The worst part of this? Keep reading.

“The crew considered their own training, knowing full well that any flight with a bomb scare should be aborted followed by evacuation and a complete search of the aircraft. ‘We were all airplane people, so we did not want to take off with a bomb scare,’ recalled Ron. ‘Elvis had been getting bomb threats since 1956 though so we figured it was par for the course. Flying Elvis Presley meant you had to be ready to roll with the punches. That’s what we signed up for.”

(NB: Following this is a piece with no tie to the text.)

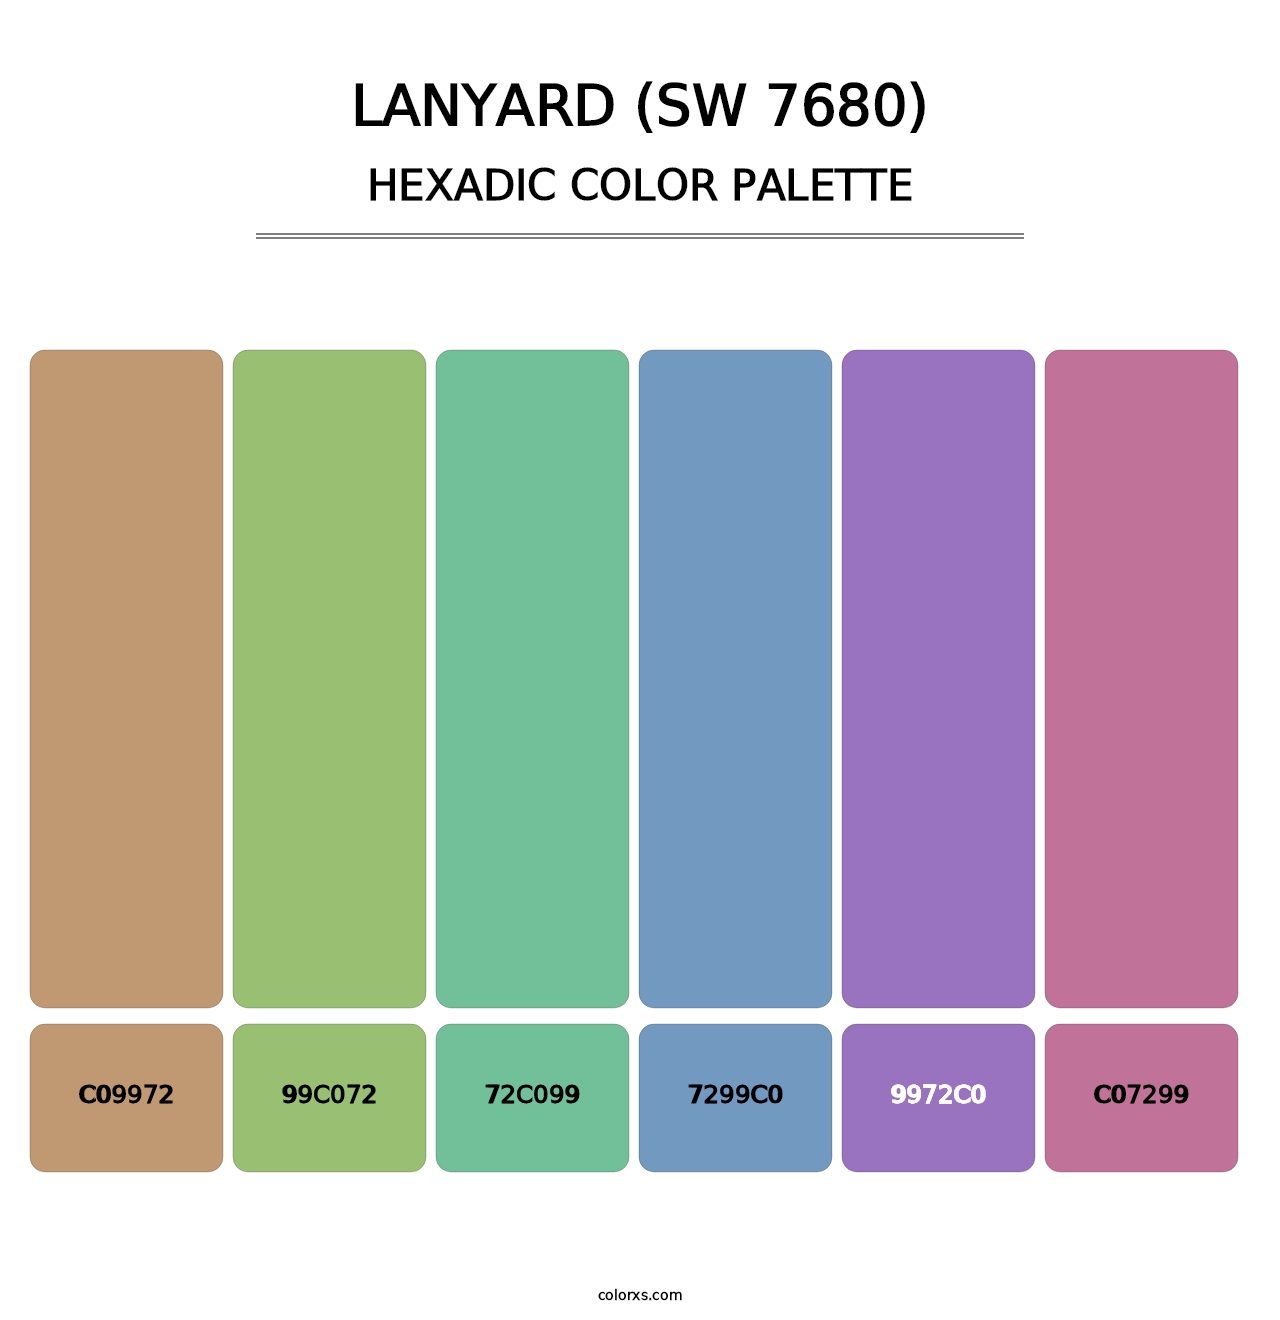 Lanyard (SW 7680) - Hexadic Color Palette

Bomb threats were par for the course?

Bomb threats “since 1956”? Not sure this is true.

Continuing:

“They never made it to the usual 35,000 feet. Instead, they stayed more at 22,000 feet in case a bomb did go off. If they had decompression issues to worry about, the effect would be less at a lower altitude. ‘We were definitely thinking about what we would do if the [worst] did happen,’ said Ron. ‘It felt very odd to go against our training.’ Of course, it turned out to be another typical situation in the life of Elvis Presley. Although it was the crew’s first bomb threat, Elvis had been dealing with threats throughout his twenty-year career.”

“Another typical situation”?

Anyway, here we learn that the crew knew the proper procedure for dealing with a bomb threat, but they deferred to Elvis instead of following their training, and what they knew was the right thing to do. Think about that. They allowed Elvis to make the decision to continue on to Memphis with the possibility that a bomb was on the plane. Why did they do this? Because they “signed up for that,” knowing they had to “roll with the punches” as Elvis’s flight crew…?

Have these people lost their minds?

Elvis shoots TVs. Elvis fires guns inside his hotel suite and nearly hits people. Elvis threatens to kill Sonny and Red. Elvis plots to have Mike Stone killed. And here, he recklessly puts the lives of multiple people in danger, and for what…so he can get to Memphis and sleep in his own bed? What was so important that he’d demand to depart Pittsburgh under these circumstances? Is the Elvis community so pathologically focused on seeing Elvis presented as a bad-ass tough-guy that some of us (them?) have lost the sense of how normal people should behave? Even Ron Strauss in this book seems to suggest that this was all a joke (par for the course!), and Elvis was so accustomed to aircraft bomb threats that it was no big deal, and that Elvis was tough and faced the bomb threat head-on. Are we supposed to be impressed?

And I am curious, why did this bomb threat not make it into the flight log notes? January 1 at PIT: [blank].

And why is the Allegheny County PD (who would have initially responded to the call) unable to find any record of this bomb threat?

To close, here are a few observations from a pilot I consulted on these questions:

“Yes, the airplane should have been inspected before take off – that is common sense. But that they didn’t shows that the PIC (Pilot in Command – aka the Captain) let somebody else override his authority. In this case, Elvis. Regarding the situation with the pressurization and the pilot flying the plane low [that] is neither here nor there unless the pilot knew for sure that the possible bomb had a pressurization trigger. However, logic is that the higher you go, the higher the differential pressure between inside and outside becomes. So, if you’re trying to stay low because of a possible bomb, you stay even lower – not higher than 10K. This would help in an explosion by just blowing out a window instead of the whole side of the plane. And, over 10K feet supplemental oxygen is required (after 30 mins).”